Pursuant to the legislation in force before the amendment, the supply of services was considered to have occurred or the services were considered to have been received on 31 December of the subsequent calendar year as of the commencement of the provision of the services upon the provision of long-term cross-border services if no payments were made for the respective services.
Such situations probably occur most often in the case of loans granted. Parties often agree to the loan interest not being paid until the repayment of the principal sum, and to it being paid in a lump sum after a few years or over a longer period. Loan interest generates supply exempt from tax, but it is also important to declare supply exempt from tax, as the latter generally leads to the obligation of calculating the proportion upon the deduction of input value added tax for the taxpayer unless the transaction is an occasional financial transaction. Therefore, regardless of the fact that no actual tax liability is created upon the receipt of interest, it is still important to declare supply exempt from tax at the right time.
Pursuant to the new wording of subsection 11 (4) of the VATA, the supply of the service is deemed to have been created or the service is deemed to have been received at the end of every calendar year, i.e. on 31 December of every calendar year. Thus, if the provision of a service commences in the middle of a calendar year, the first period in which the supply of the service is deemed to have been created or the service is deemed to have been received is 31 December of the same calendar year.
Pursuant to the amendment, taxpayers are obliged to declare long-term cross-border services at least once a year. This is perfectly logical, as input value added tax proportion recalculations are also made once a year.

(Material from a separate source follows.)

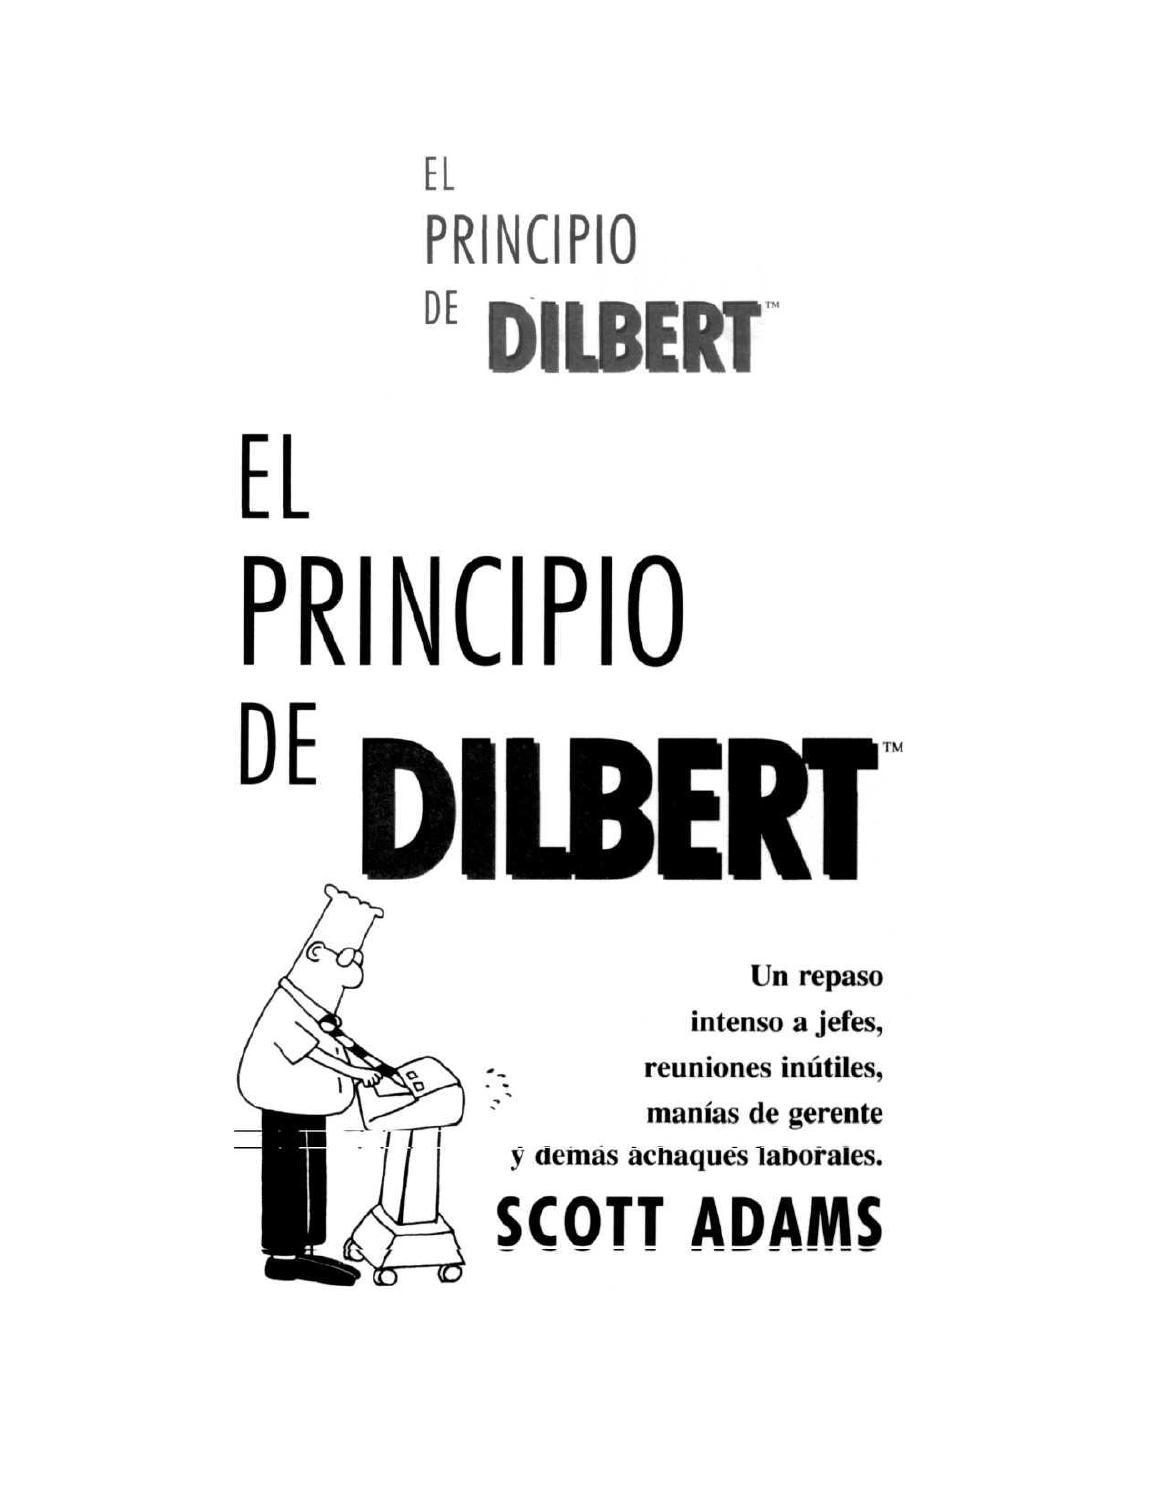 El principio de dilbert by Victorino Redondo Fidalgo - issuu
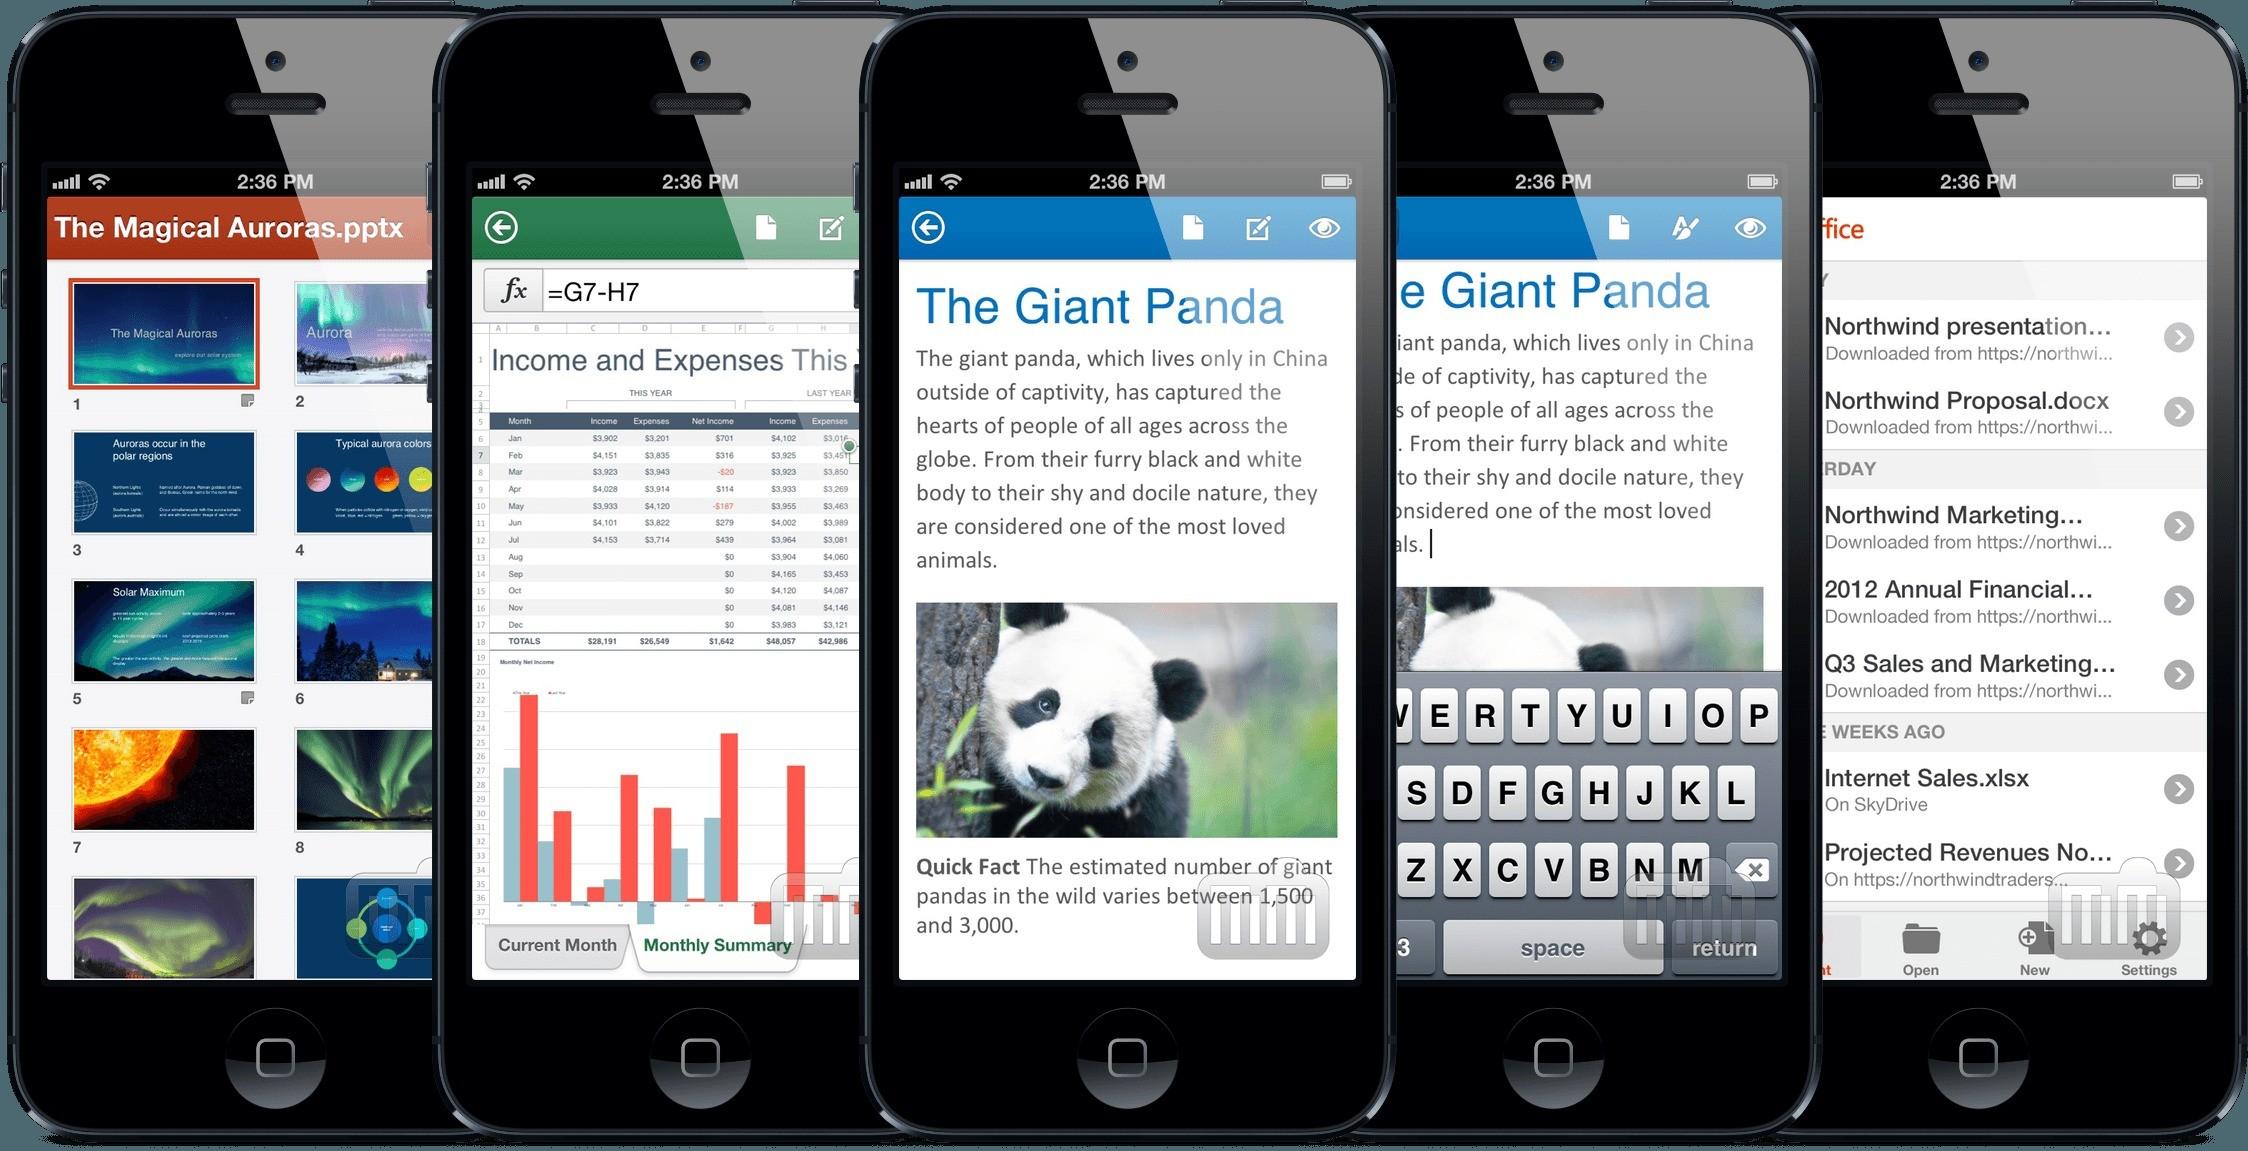 I nuovi aggiornamenti Office Mobile alle app Word, Excel e PowerPoint

The aforesaid will be done with respect to a calendar year in the last value added tax return, which is to be submitted by 20 January of the subsequent year.
The amendment should render impossible the situation where taxpayers postpone the recalculation of potential input value added tax as far as the subsequent calendar year by means of mutual agreement. If the amounts are large enough, this could lead to significant changes in calculating the proportion upon the deduction of input value added tax and to the obligation to repay part of the input value added tax deducted over the year for taxpayers.